Segment Start: Excerpted records

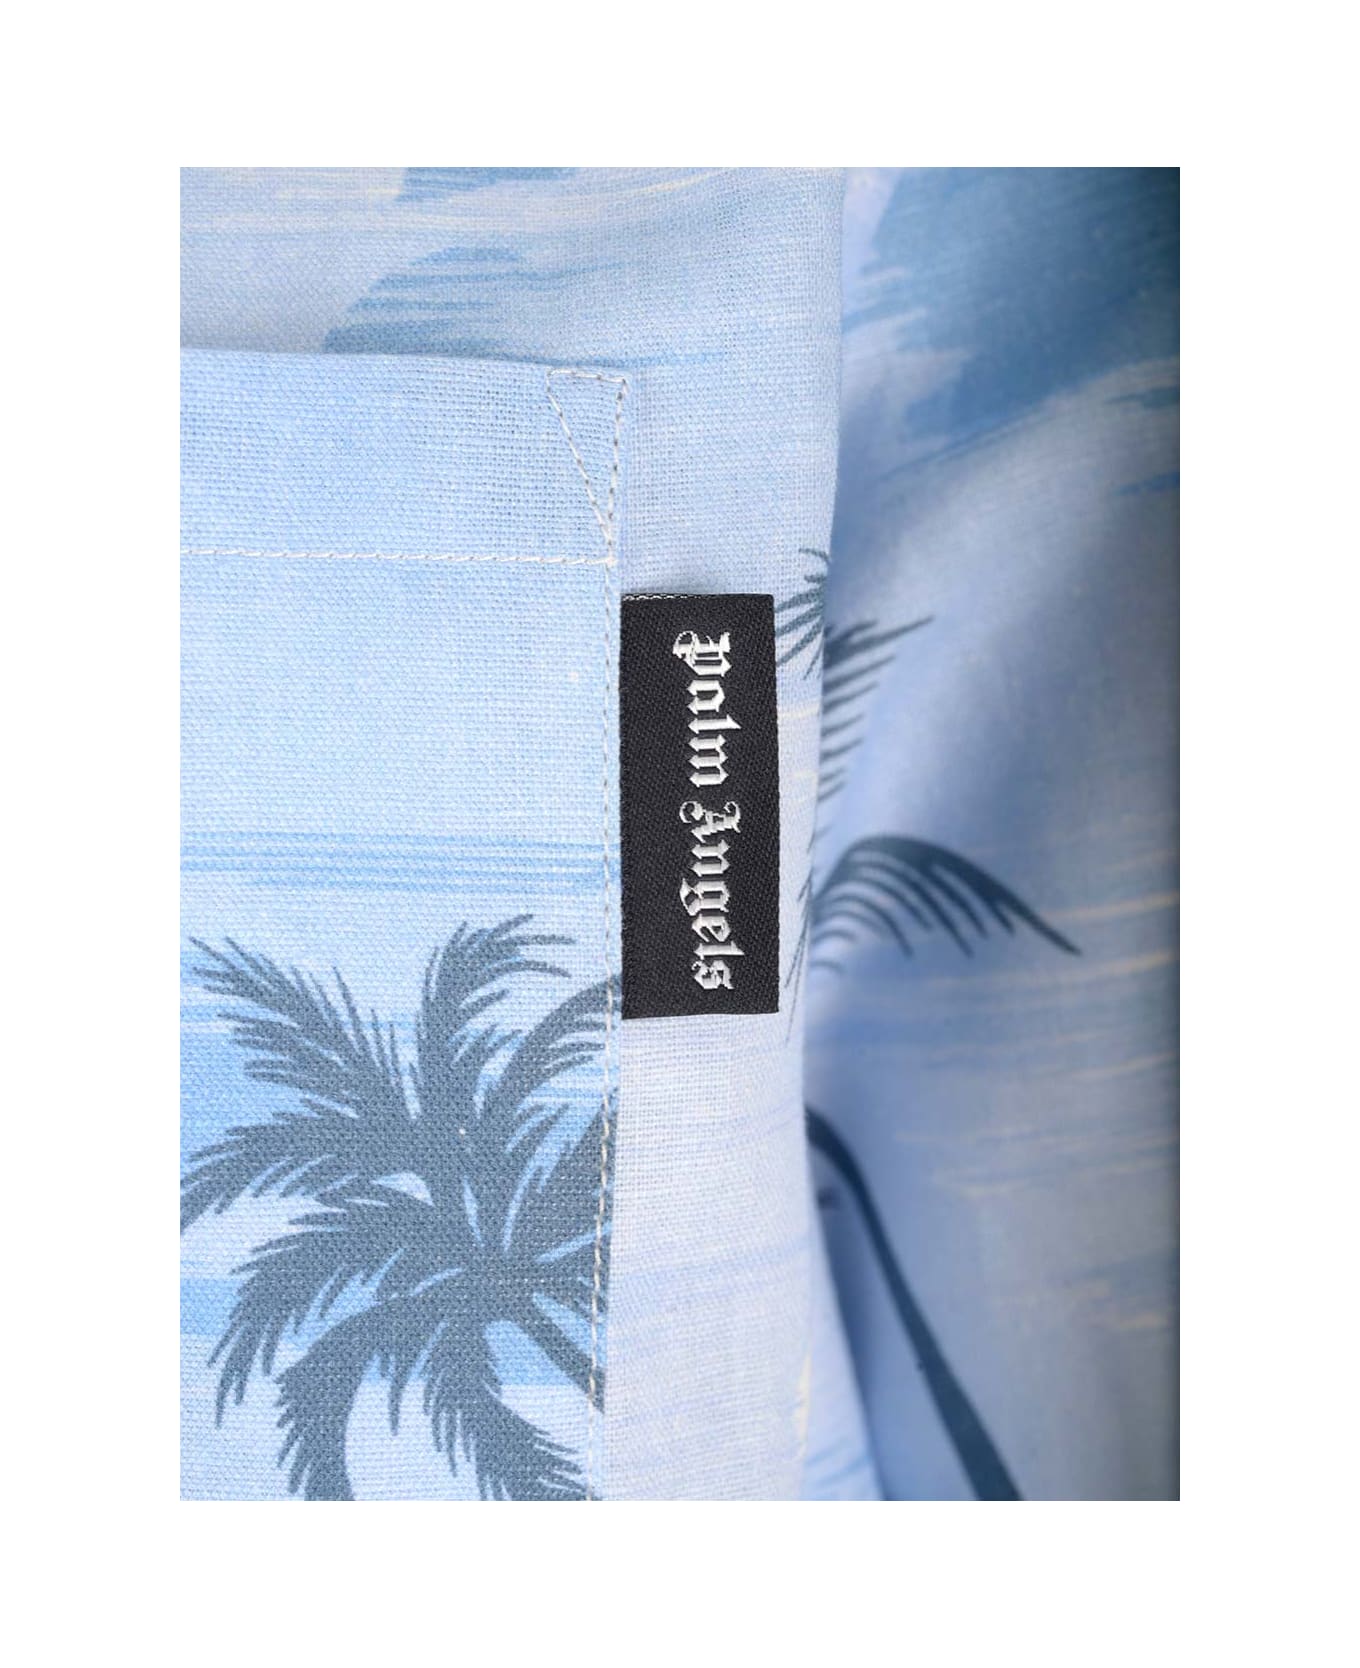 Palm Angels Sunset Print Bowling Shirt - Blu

Segment End: Excerpted records
Segment Start: Excerpted records

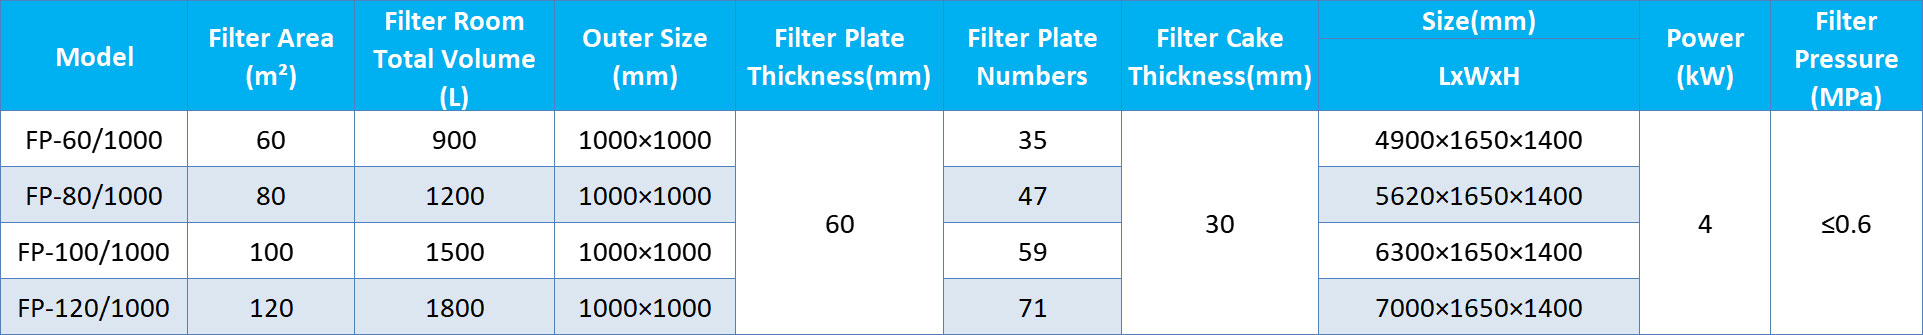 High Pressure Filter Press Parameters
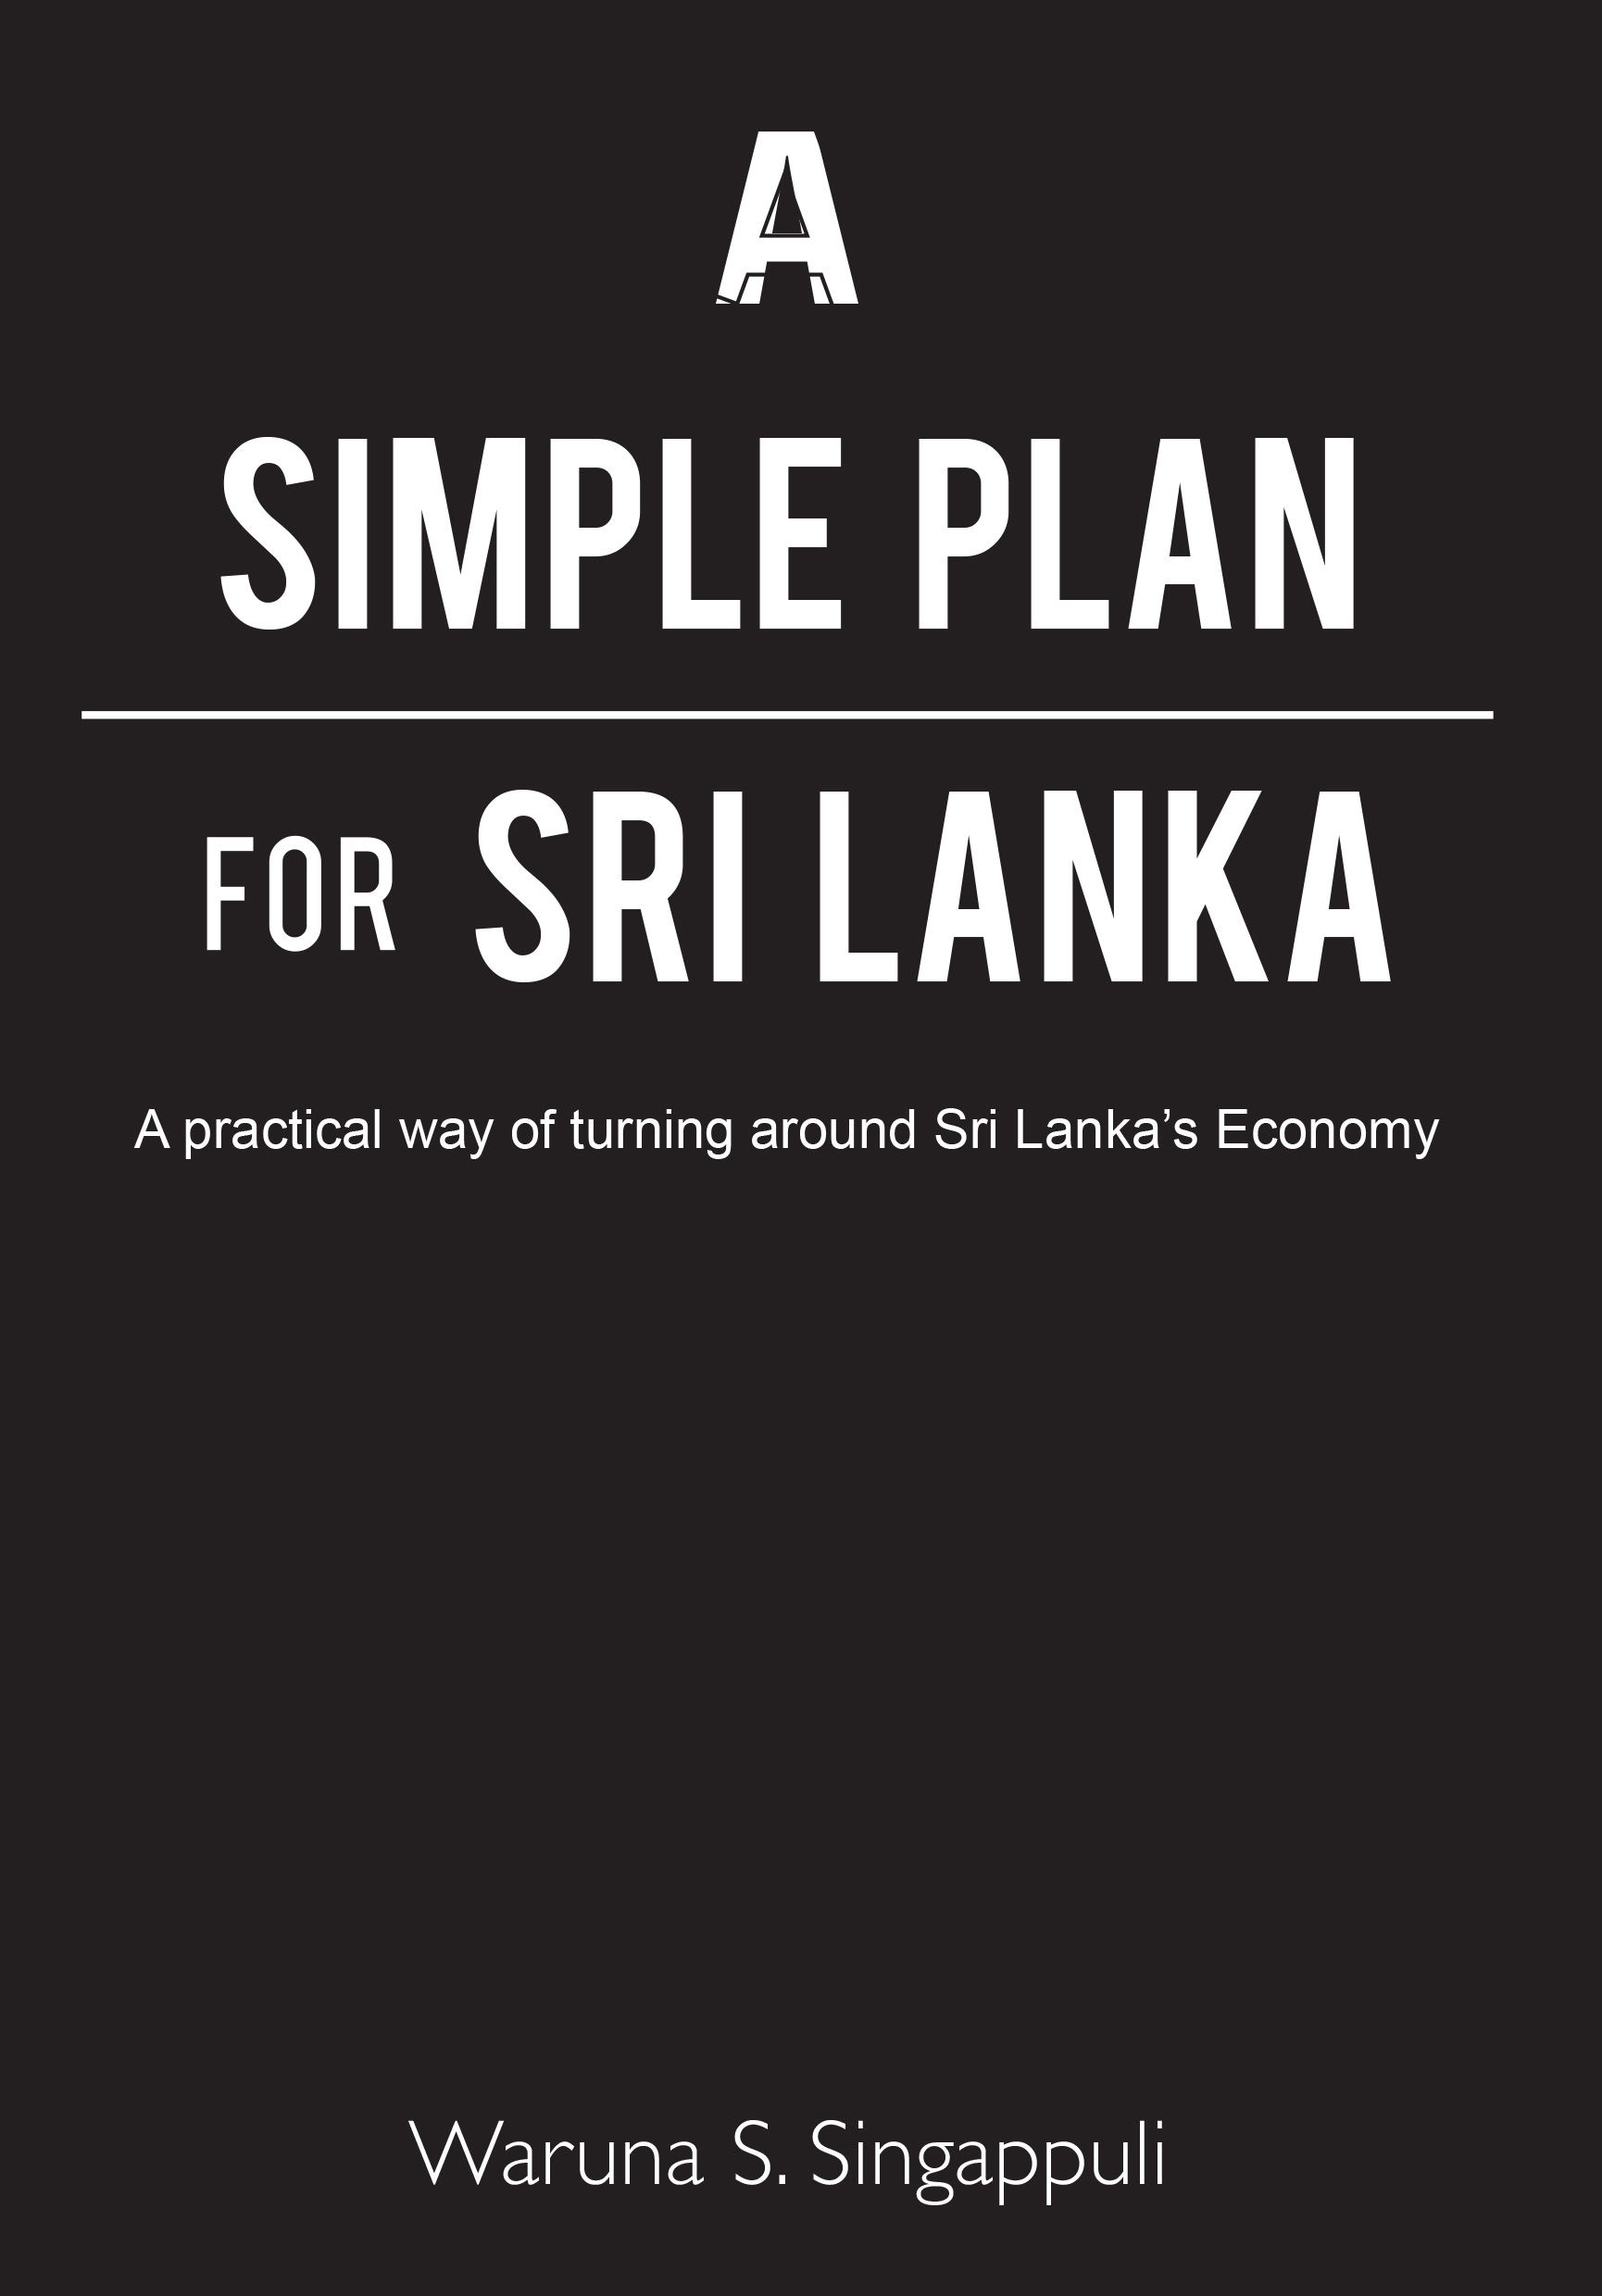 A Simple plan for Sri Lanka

Segment End: Excerpted records

What the task requires: From the records above, return exactly the lines running from the one that contains "High Pressure Filter Press Parameters" down to the one that contains "A Simple plan for Sri Lanka", both included, without any pictures.

Output below:
 High Pressure Filter Press Parameters
 A Simple plan for Sri Lanka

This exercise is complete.